That's exactly the experience that Brandywine's Ice Cream Factory & Café offers, among other things: a pleasant, homey atmosphere, with food that is comforting, familiar and delicious.
"It's a very friendly place," said owner Cheryl Watts, who opened the restaurant in the late summer of 2003 with her late husband, David Watts. "Strangers say hello to strangers, friendships form right under my nose ... it brings out the best in people."
Indeed, ice cream is a difficult thing to be upset around — unless there's none left — and with 24 flavors and countless possible combinations, there's plenty to go around at this historic house.
Situated on a prominent corner along Brandywine Road, the Ice Cream Factory & Café was originally built around 1867 as a general store and post office, and through various modifications it was operated as such until the mid-20th century, when it was leased out to different folks as a church, a radio station, and an antique dealer among others.
When the couple purchased it in 2002, it was a "dilapidated rundown eyesore of a building that nobody thought anyone could do anything with," Watts said, though the Prince George's County Historic Preservation Commission named it a historic site in 1994.
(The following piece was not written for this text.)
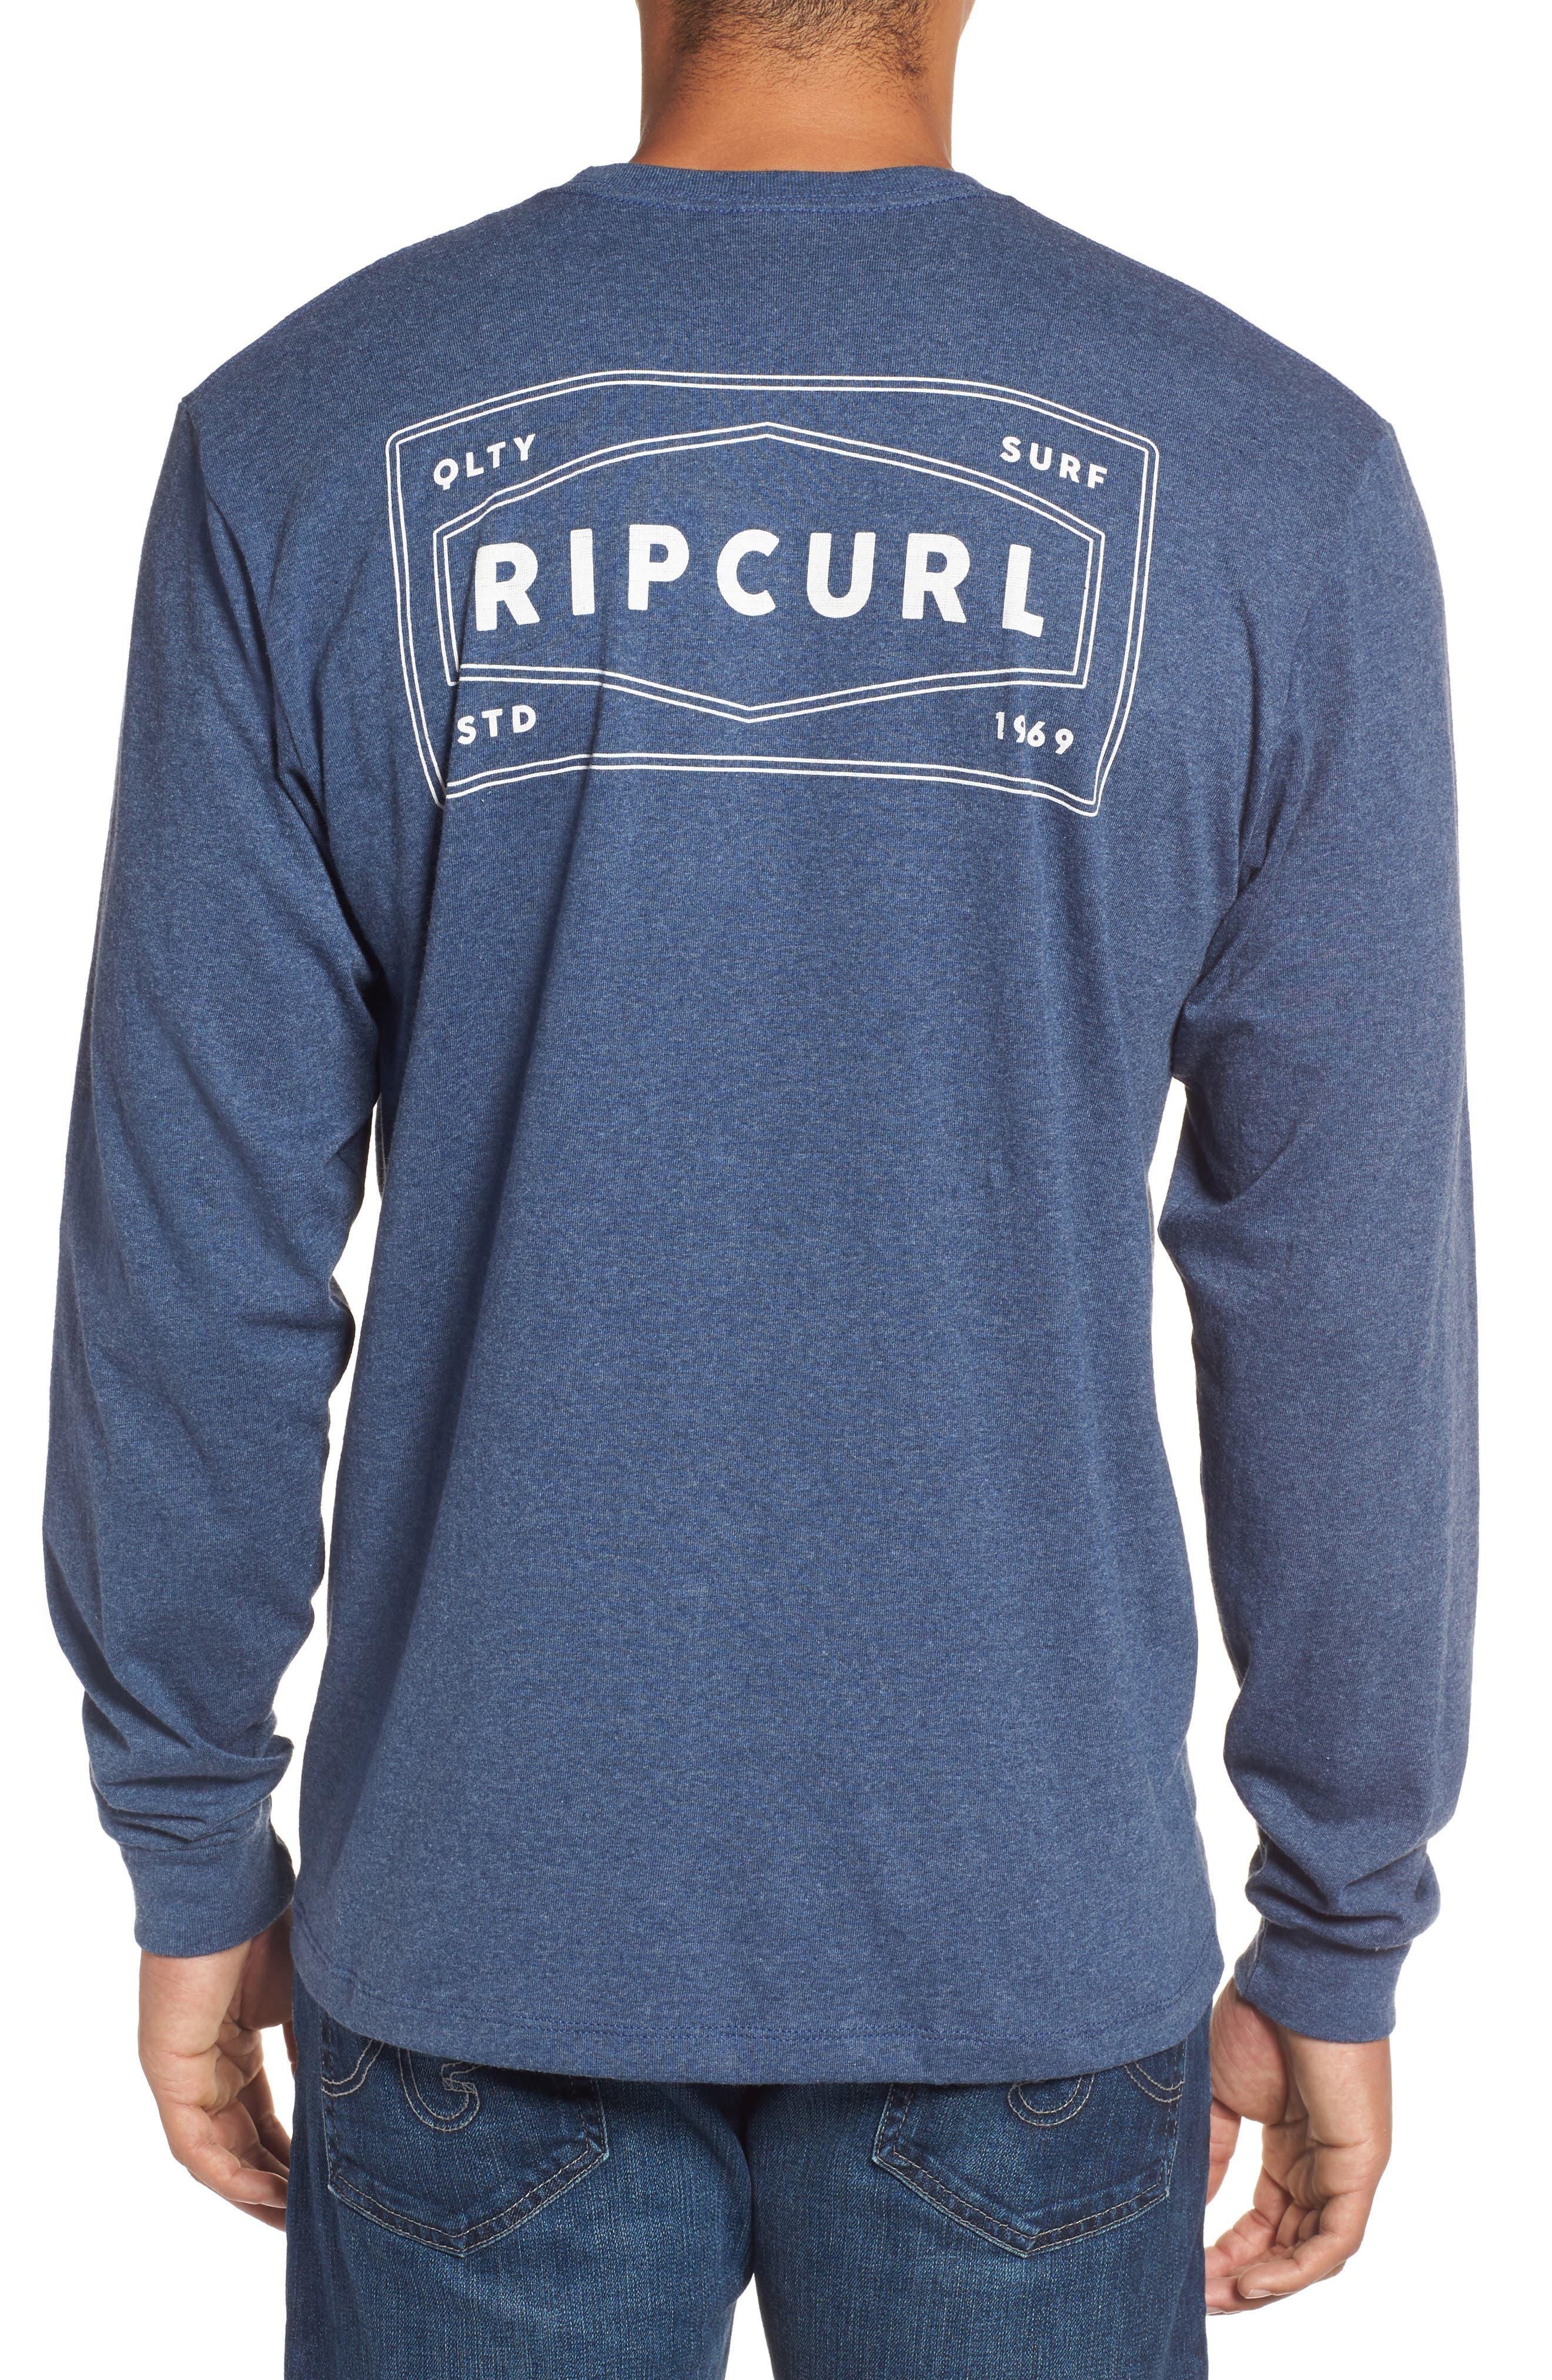 Down South Custom Graphic T-Shirt,                             Alternate thumbnail 2, color,                             410

Her husband took charge of renovations while preserving its nostalgic nature. Additional historic appeal comes from its location on the John Wilkes Booth assassination trail.
Diners can read about some of this history in brochures placed on the handful of tables inside, but what they really come for is to enjoy the homemade food.
Customer favorites include the crab cakes ($7.50 sandwich, $14.49 for a two-cake platter) — savory and flavorful, with lump crab meat — as well as the Angus beef burgers ($3.99), the steak and cheese sandwiches ($5.99), and the rockfish ($9.50), served in fried pieces with French fries, tartar sauce and a medium fountain drink.
The cream of crab soup, made from a house recipe like the crab cakes, runs at $3.85 for a cup, $7.50 for a pint and $13.95 for a quart. And the café's fries come in three styles: original, criss-cross and seasoned with Old Bay.
Daily specials, like buy-one-get-one-free crab cakes on Wednesdays, help to bring in customers for the café cuisine.
But in the end, it's all about the soft-serve, the old-fashioned frozen custard in two dozen flavors that can be custom-blended.
Flavors include everything from amaretto and apple pie to rum or Skittles. For chocolate, vanilla, or a mixture, cones or cups run $1.70 for "kiddie" size, $2.65 for medium and $3 for large.
The additional flavors add 40 cents each and cookies 'n cream adds 60 cents.
There is also a plethora of milkshakes ($3.55 medium, $4.25 large), malts ($4.15 medium, $4.85 large), floats ($3.50), smoothies ($4.15) sundaes ($4.25) and countless other
delicious ways of cooling down from the inside out on a hot summer's day.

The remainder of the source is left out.